Так-то отца он не любил, вот только с причудами своей чувствительной натуры бороться не мог.
Молодой человек указал слугам путь, натянул на глаза шаперон и легко ударил коня в бока.
– Пошёл!
Элазар являлся рыцарем. С десяти ходил в оруженосцах, в шестнадцать прошёл посвящение и уже как семь лет активно закалялся в боях (сомнительного характера) да, подобно Ланселотам и Парсифалям, помогал прекрасным девам (сомнительного качества). Жил на «пенсию». Но самое ужасное было то, что он до сих пор оставался наивен. Верил в чудеса, романы о розе и рыцарях, добро, честь и справедливость. А также в любовь с первого взгляда. Лет пять назад во время пира, дожевывая крылышко индейки, на ней же дал обет: не жениться до этой самой любви с первого взгляда! От услышанного у его отца случился приступ, подобный приступу на бедной экономке. Или под ней. Впрочем, история умалчивает.
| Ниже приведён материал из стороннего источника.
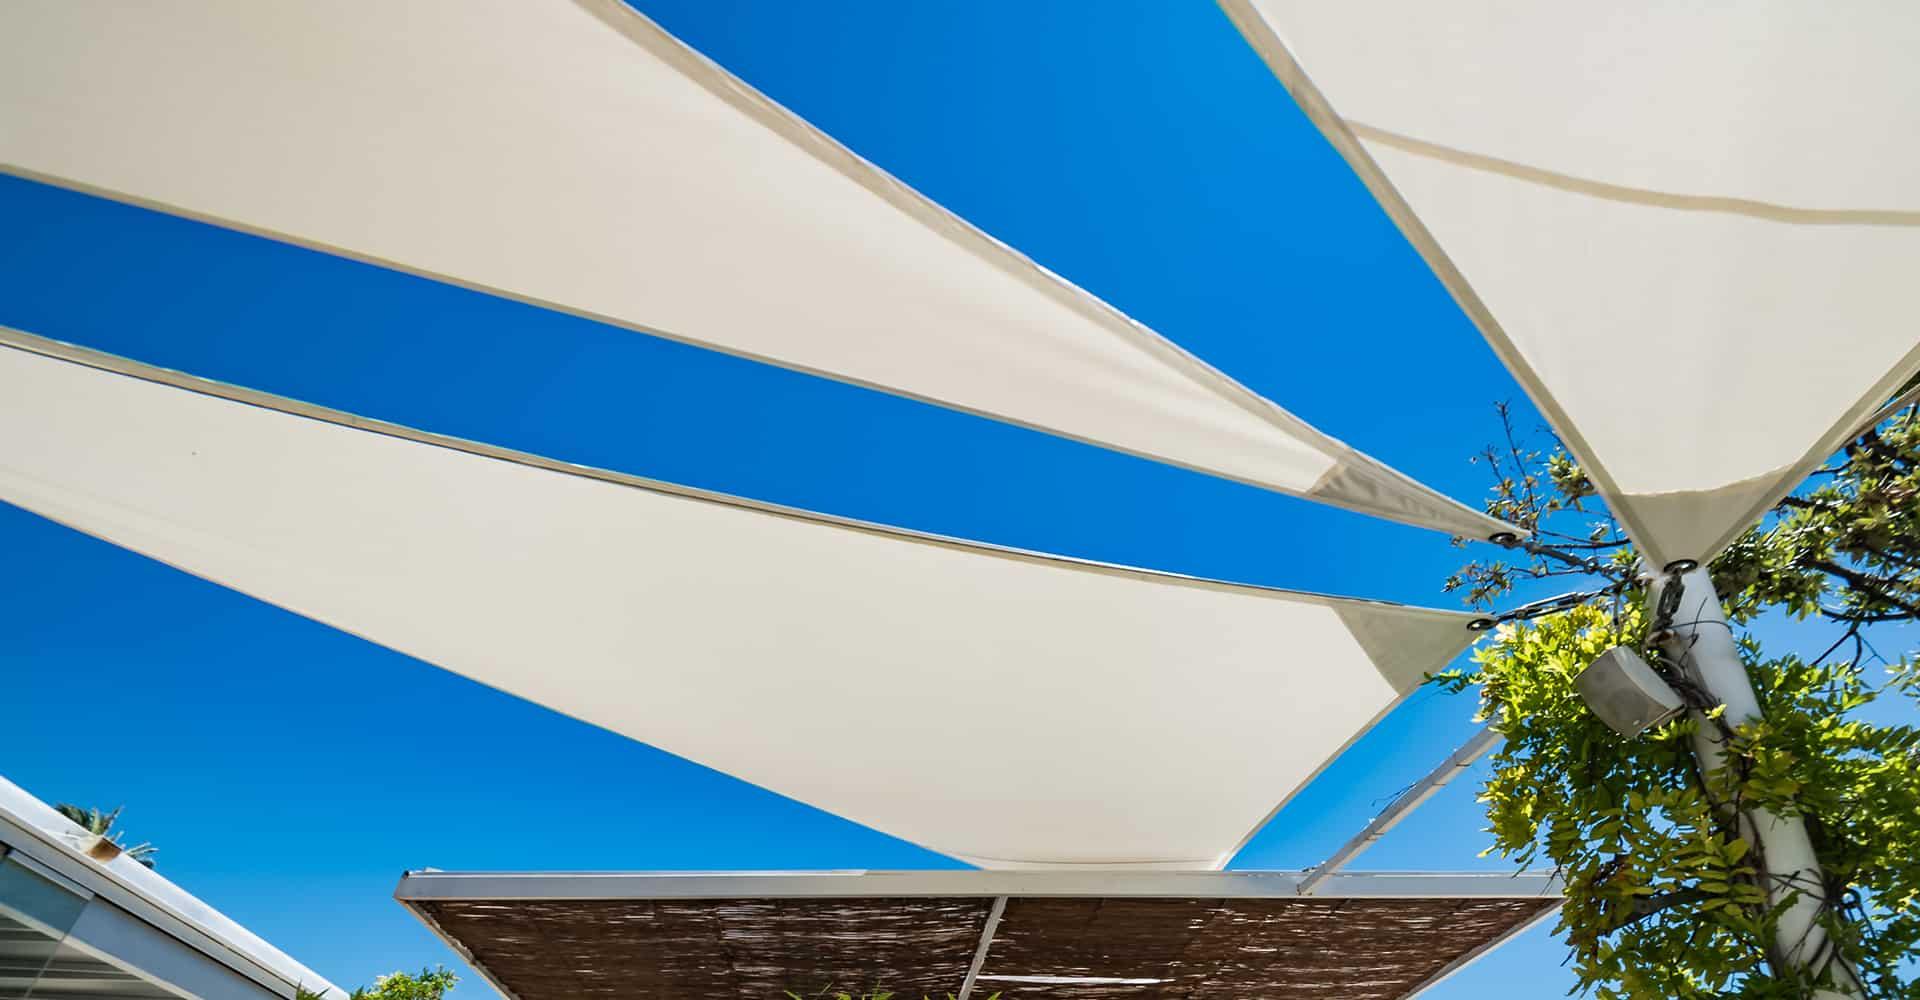 sun shade sail

Достигли пригорода. Нагнали крестьянку.
Рыцарь слегка придержал коня, когда поравнялся с девушкой. Та несла в руках корзинку с мотками шерсти и была почти прекрасна, почти не было на её лице прыщей. Обратился неправдоподобно вежливо и галантно к оборванке без рода:
– Красавица, где красильня семейства Картер?
Рассмотрев герб, девушка едва не упала в канаву для слива. Низко поклонилась, быстро показала дорогу и поклонилась ещё раз. Отъехав, слуги и оруженосцы долго засматривались на неё. Понравилась. Элазар тоже хотел, чтобы она ему понравилась. Ведь у неё почти не было прыщей. Не вышло.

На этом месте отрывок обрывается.